# Dams near Cinci



## Fishman (Apr 5, 2004)

I have the day off tomorrow and was hoping to go fishing on the Ohio, provided that its fishable.I'm new to the area, and I don't know where a single dam is. If you guys could point me in the right direction I would be very thankfull. It's kind of weird being the new guy in the area, and I just don't know anything about anything down here  

I'de be coming from Newtown Ohio. 275 is close to here, so if you could start me off from there, thanks!


----------



## catking (Apr 5, 2004)

Just saw this Fishman- Just take 275 south to East 52. Follow it to the Meldahl dam. Very nice area and good fishin. CATKING ( It's maybe 30 -35 miles east on 52, by the town of Chilo)


----------



## Fishman (Apr 5, 2004)

Thanks King, sounds like all the rivers down here are flooded


----------



## mrfishohio (Apr 5, 2004)

Cinti river gauge


----------



## catking (Apr 5, 2004)

Remember Fishman- you can fish either bank with an Ohio licence  CATKING


----------



## Fishman (Apr 5, 2004)

I went down and checked out the Little Miami today but its to high to fish. Maybe next week.


----------



## gmrkatman (Apr 16, 2004)

Even though it is up, I have been doing very well for big channels on the GMR from the bank. Send me a pm if you might want to fish it in the next few days.


----------



## mrfishohio (Apr 5, 2004)

Hey, almost forgot, there's several dams along the GMR, 2 in Hamilton, then up above...West Carollton, and Dayton.
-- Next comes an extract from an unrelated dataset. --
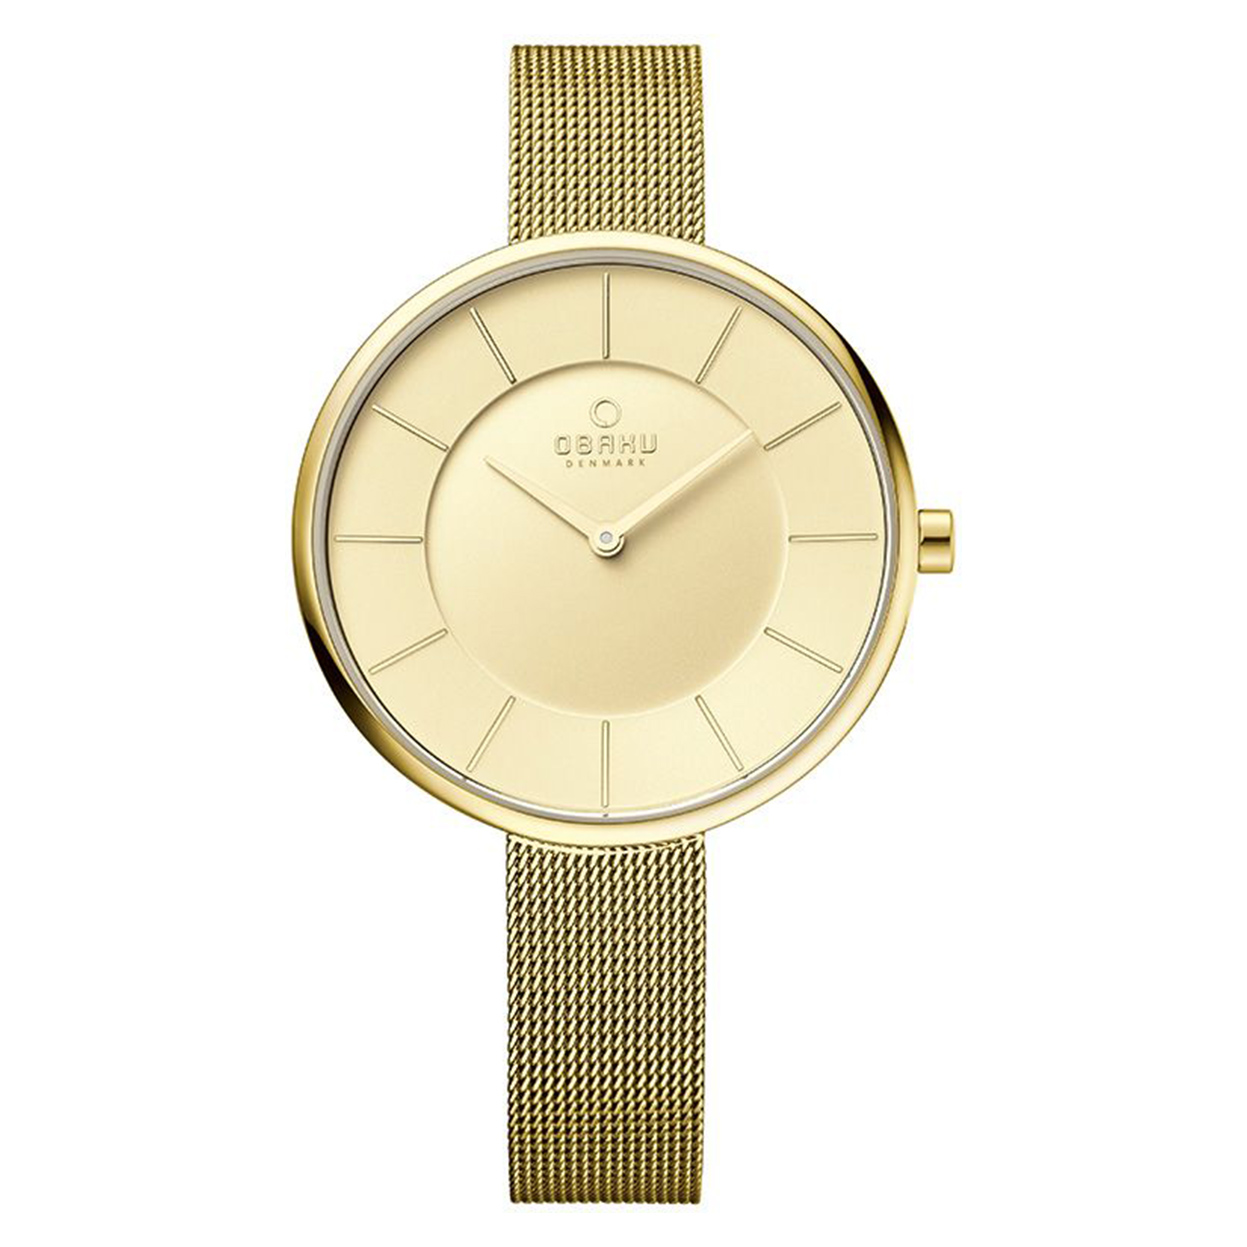 Zegarek Obaku V185LXGGMG - grawer na stalowej kopercie

I know we hit five of them in one day, all below Dayton, which would've been the 6th I think


----------



## Fishman (Apr 5, 2004)

I'll make sure to check out some of those as soon as I get the chance, for the time being I'm waiting for this weather to pass


----------



## mrfishohio (Apr 5, 2004)

Today, Sunday........  
45.23 feet


----------



## Fishman (Apr 5, 2004)

Looks like we're getting Springs showers right now, pouring rain here at my place.


----------